Installation: Pardus 2011 is the first stable release (of Pardus) to feature the newly redesigned YALI, the Pardus installation program. The new YALI brings LVM and RAID support to Pardus, and LVM, the Linux Logical Volume Manager, is the default disk partitioning scheme. (More on LVM here. See also the benefits of LVM and how to configure LVM on Pardus 2011.) By default, the installer creates partitions and logical volumes similar to those on a default installation of Fedora – a /boot partition of 500 MB, and logical volumes for /, swap and /home. Ext3 and ext4 are the only journaling file systems supported, with ext4 as the default, even on the /boot partition. Disk encryption, full or per partition-level, is not supported.

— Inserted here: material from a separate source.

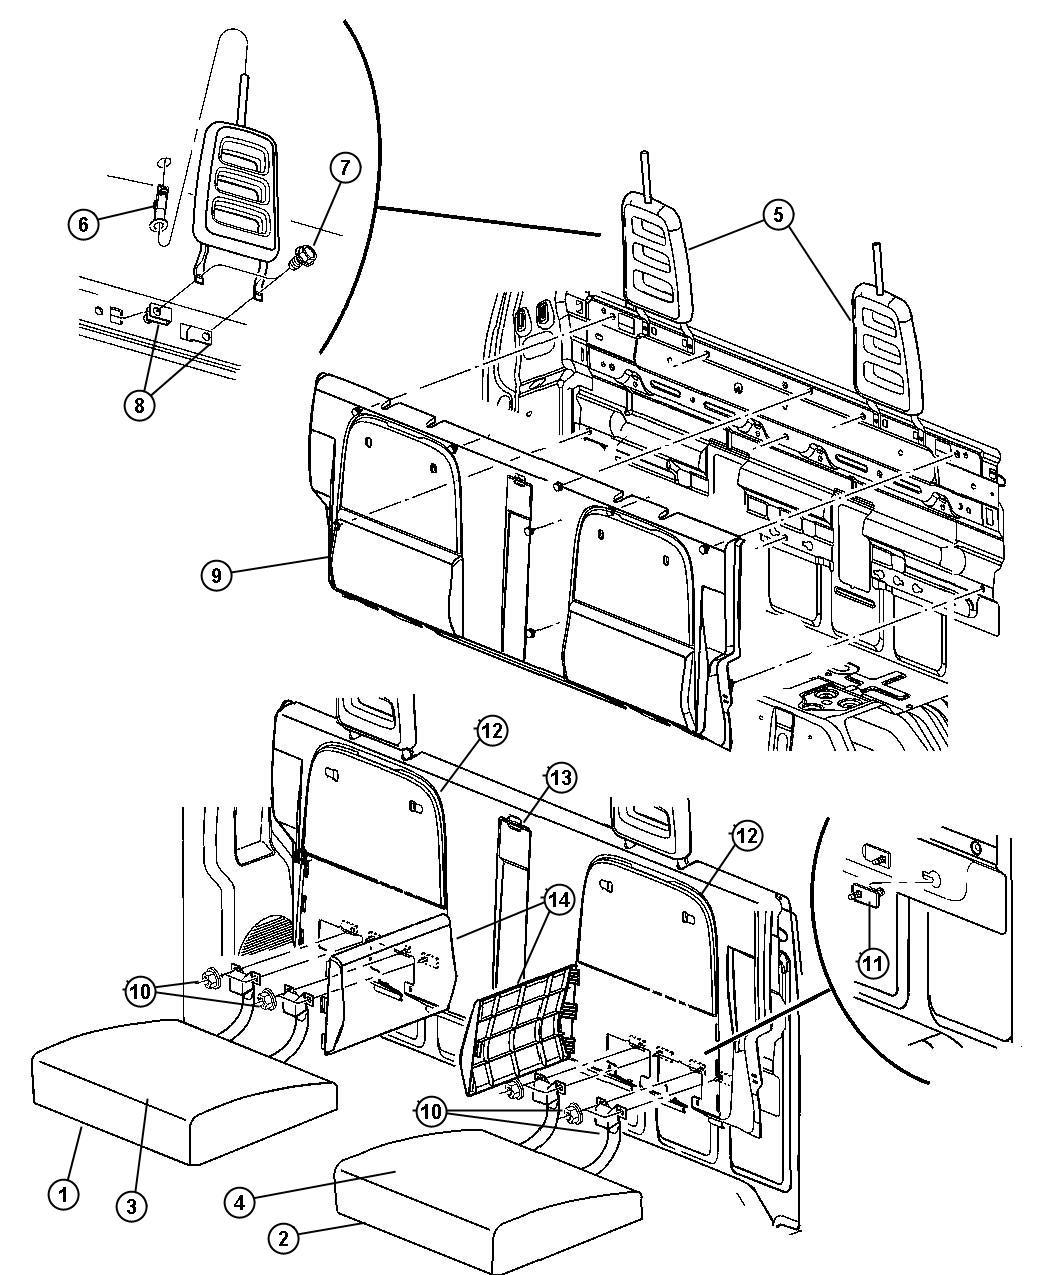 mini r53 fuse box location
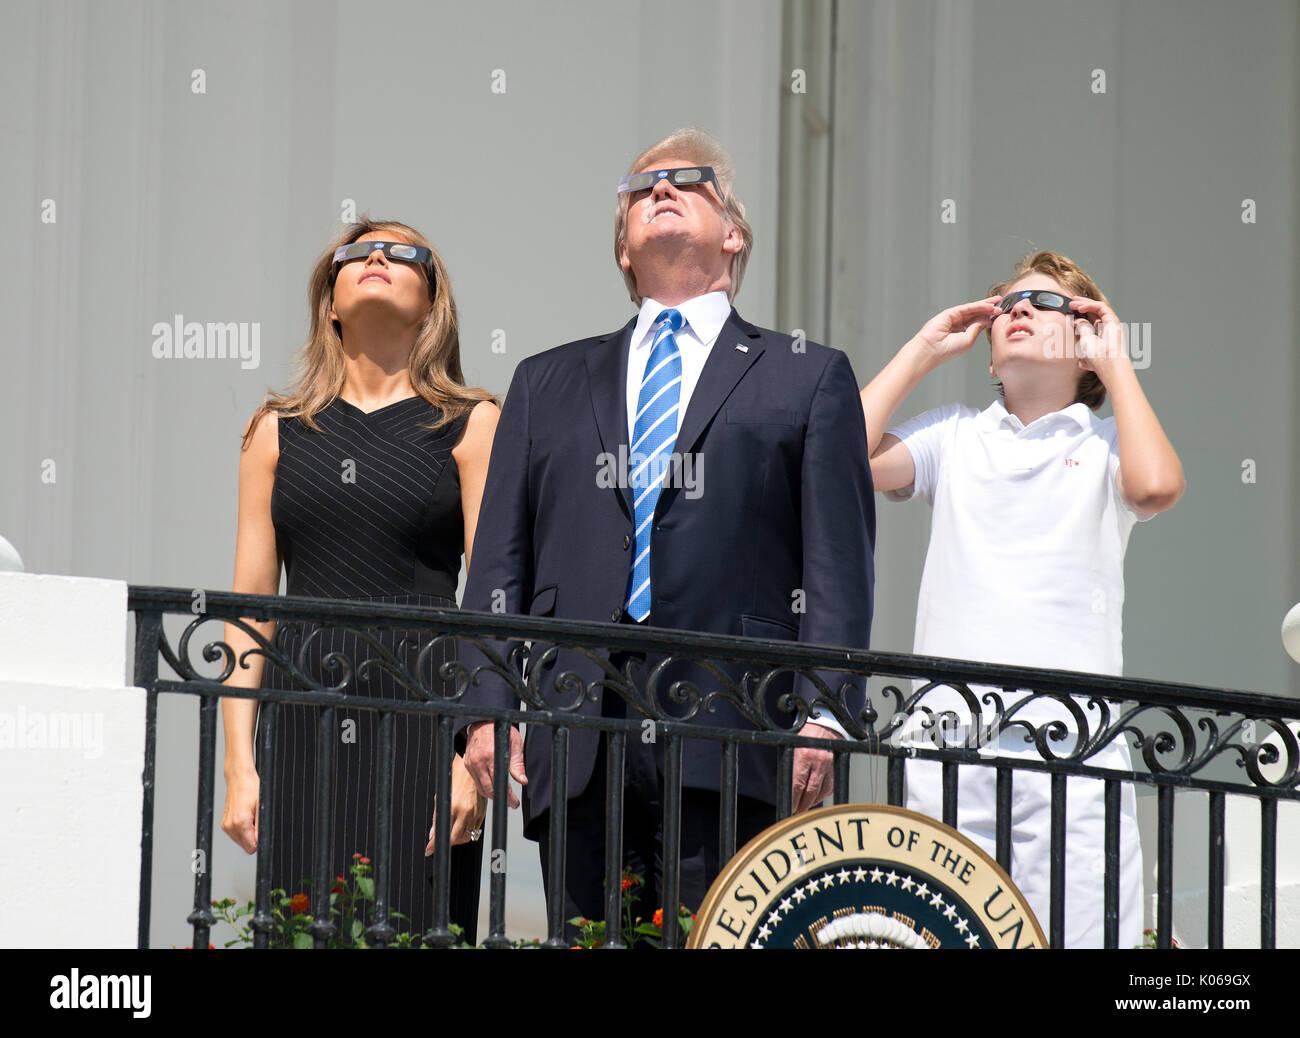 Il Presidente degli Stati Uniti, Trump, centro, accompagnato dalla first lady Melania Trump, sinistra e Barron Trump, Foto Stock

Installation of Pardus is a 2-stage process. Disk partitioning and package installation takes place in the first stage, while specifying root’s password and creating a user account takes place in the second stage. For root and user account passwords, the installer enforces a minimum of four characters, and will not allow the use of usernames, including “root,” for passwords. In one installation I did in a virtual environment, I was able to get past the root password settings step by specifying only a 1-character password. However, that installation failed with an error message pointing to the root password as the cause. Normally, the installer will not allow you to proceed to the next step if you specify a password that is less than four characters, so that fact that I was able to set 1-character password for root points to a bug at this step. I must point out that I have not been able to reproduce this bug.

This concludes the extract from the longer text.